• Exercise goal
Write the listing out again word for word, leaving each picture behind.

• Exercise data
____________

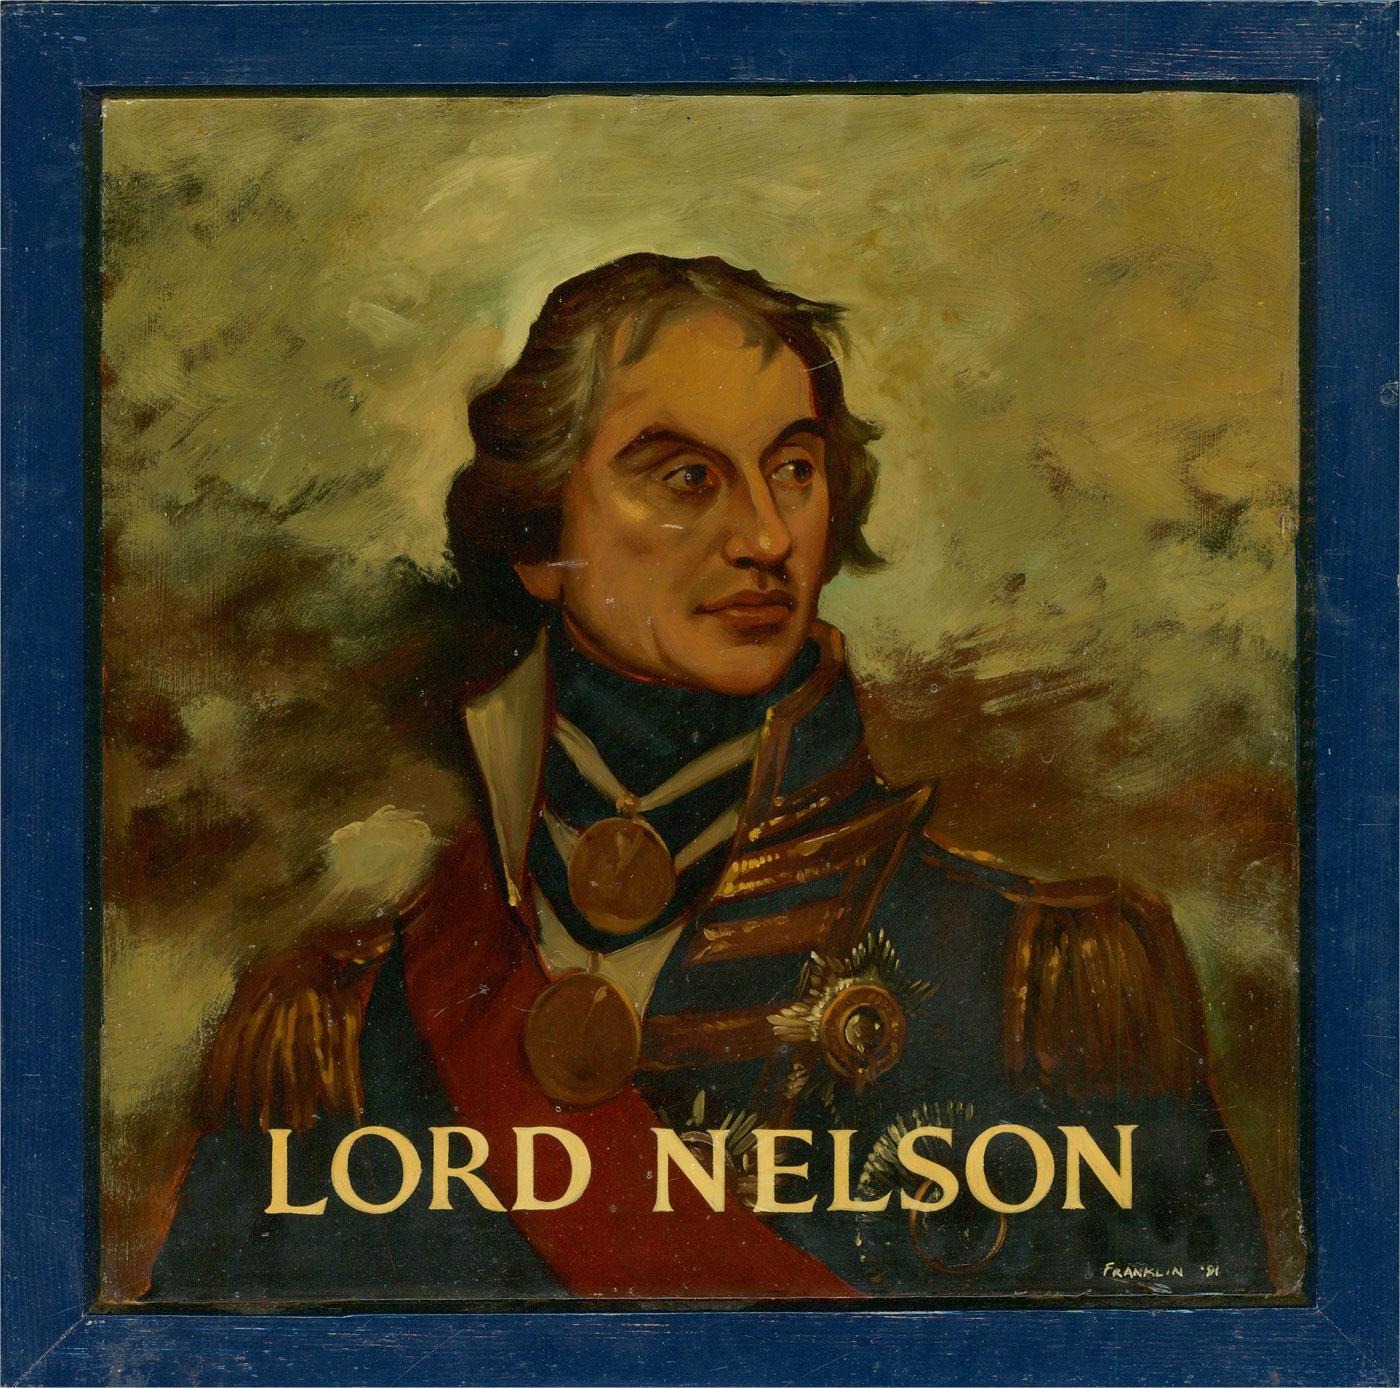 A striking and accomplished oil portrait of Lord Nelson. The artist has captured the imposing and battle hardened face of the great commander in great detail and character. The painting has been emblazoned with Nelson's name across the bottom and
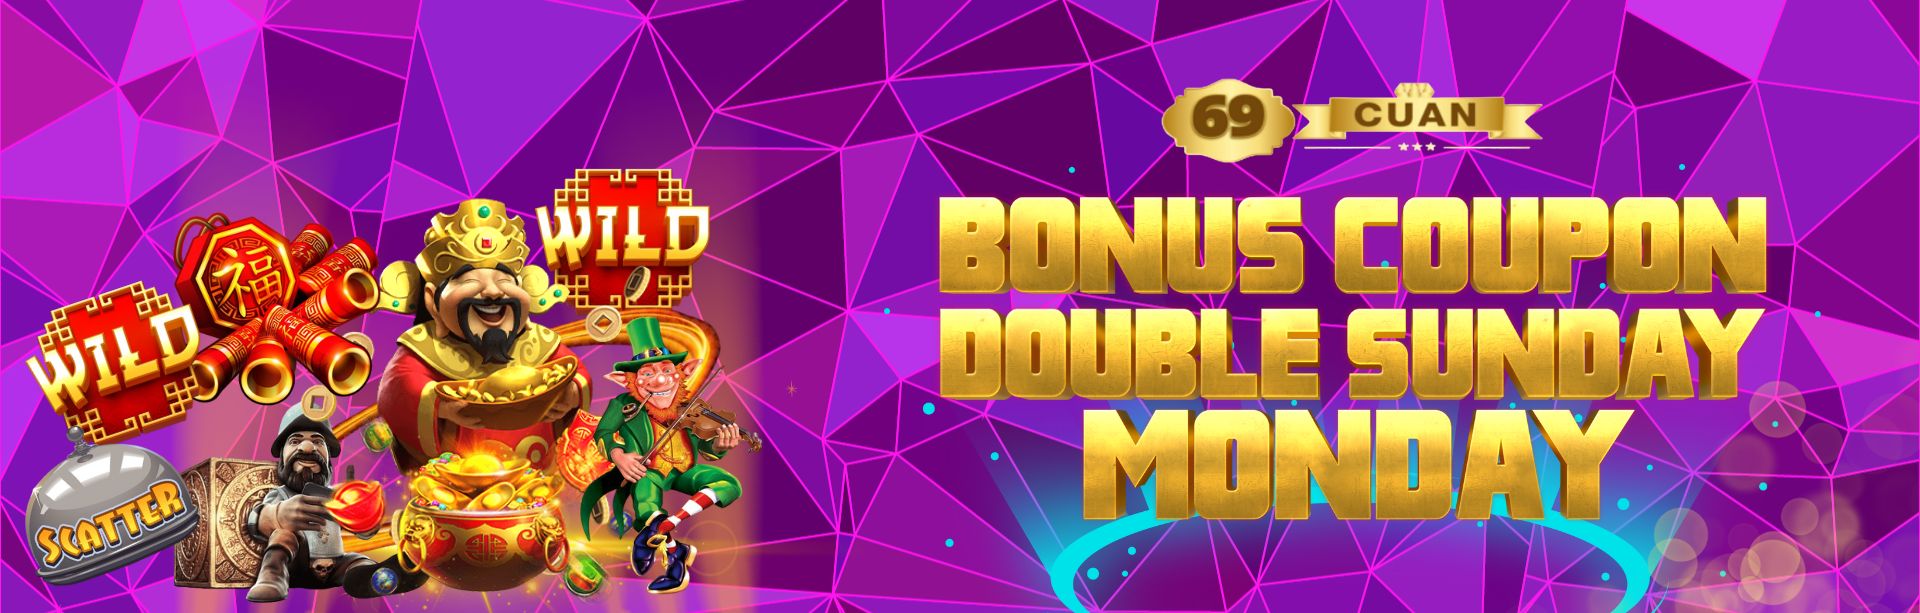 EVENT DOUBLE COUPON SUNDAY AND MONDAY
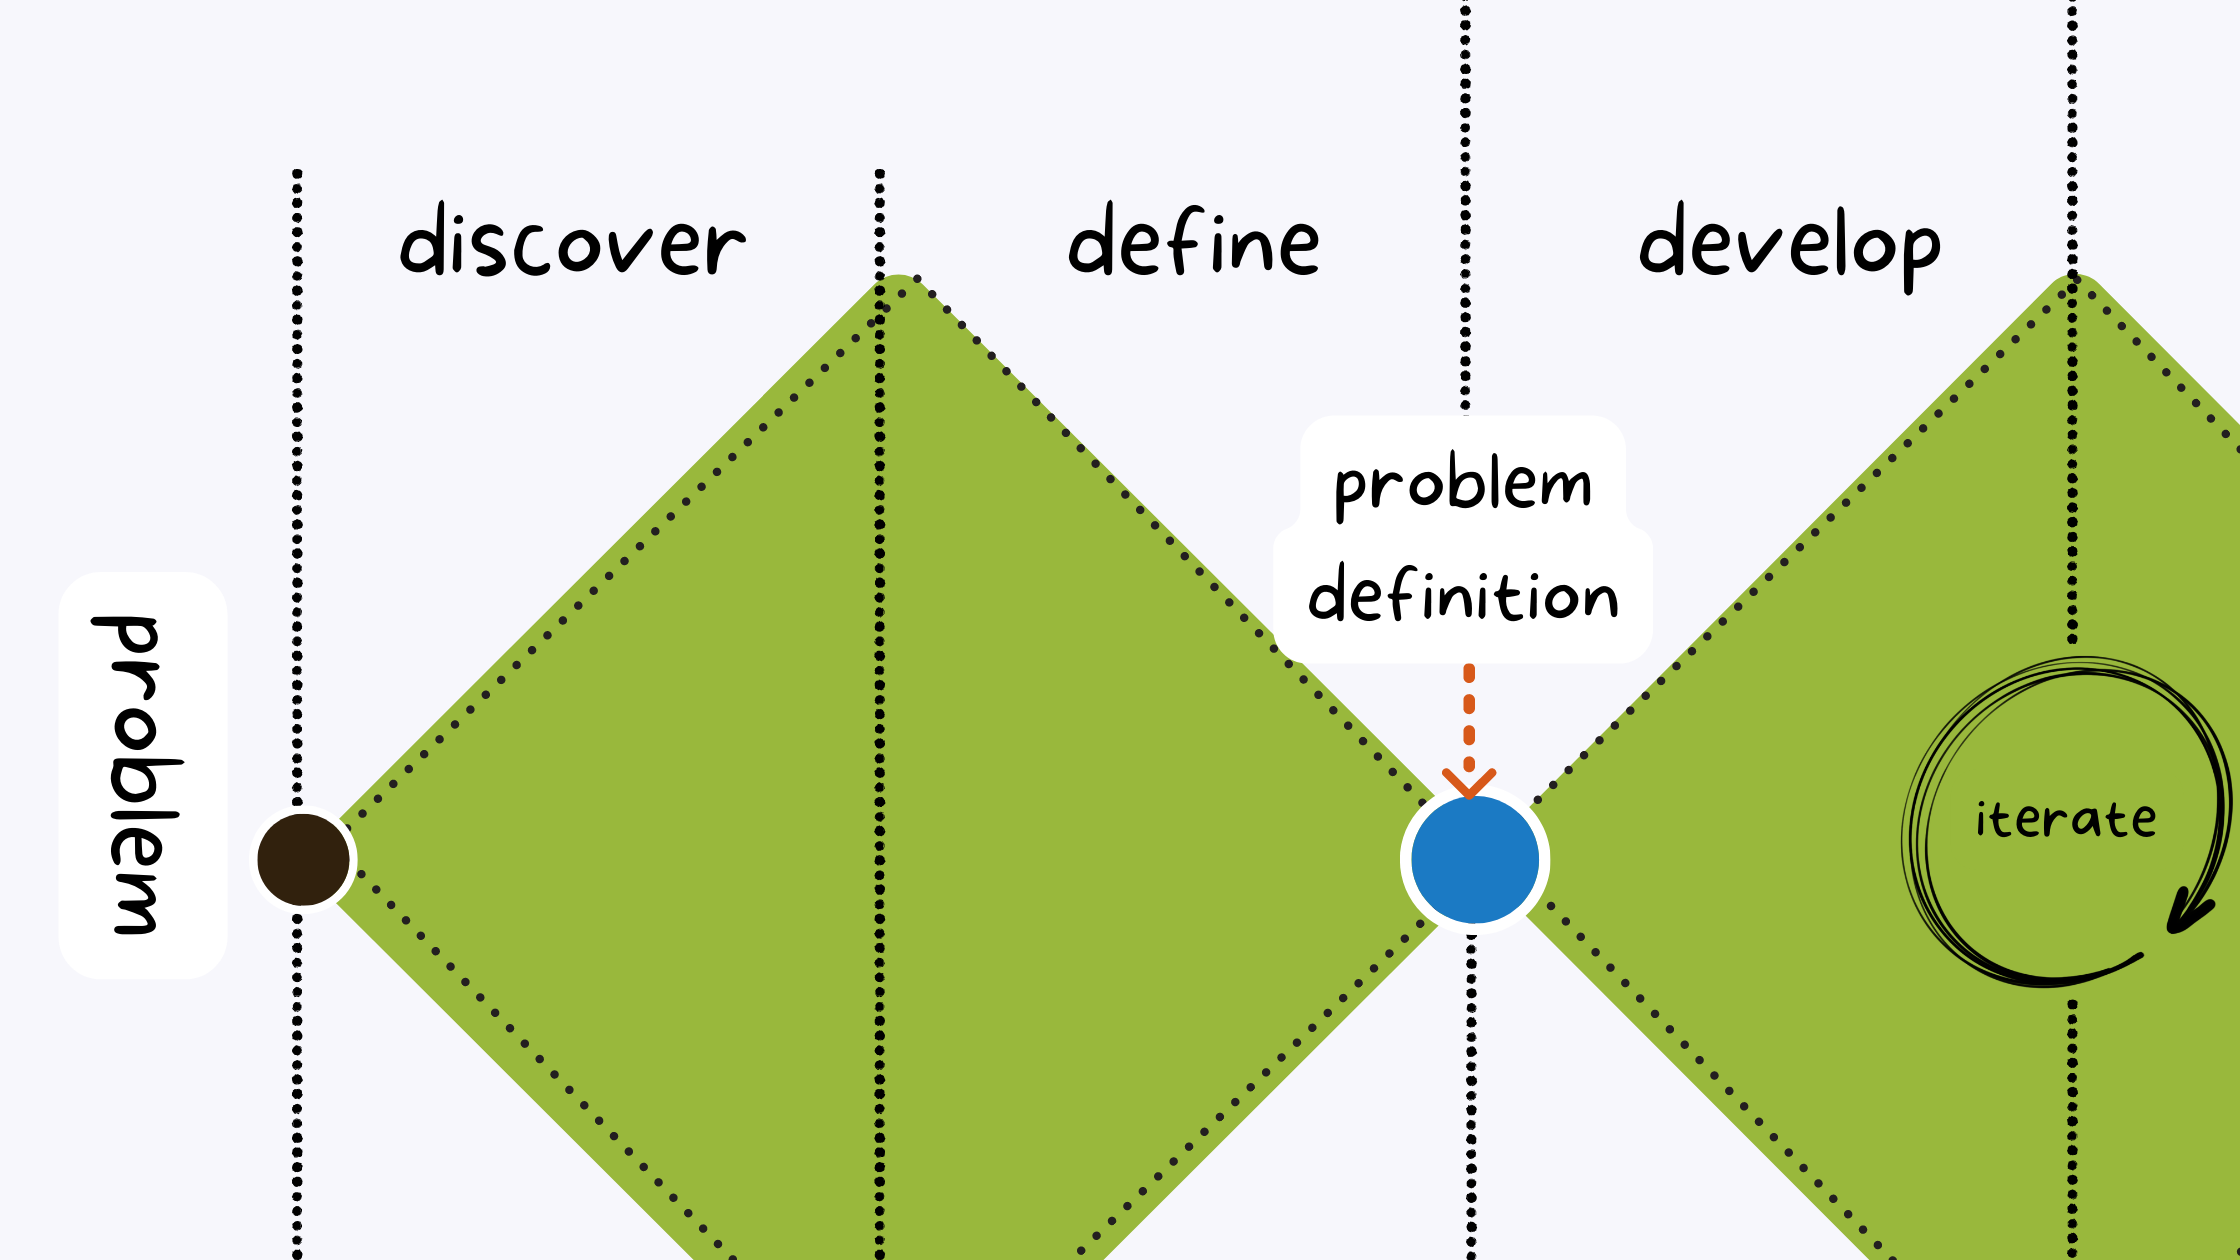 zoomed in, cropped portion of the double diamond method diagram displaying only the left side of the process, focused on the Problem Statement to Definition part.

____________

• Answer to the problem
 A striking and accomplished oil portrait of Lord Nelson. The artist has captured the imposing and battle hardened face of the great commander in great detail and character. The painting has been emblazoned with Nelson's name across the bottom and
 EVENT DOUBLE COUPON SUNDAY AND MONDAY
 zoomed in, cropped portion of the double diamond method diagram displaying only the left side of the process, focused on the Problem Statement to Definition part.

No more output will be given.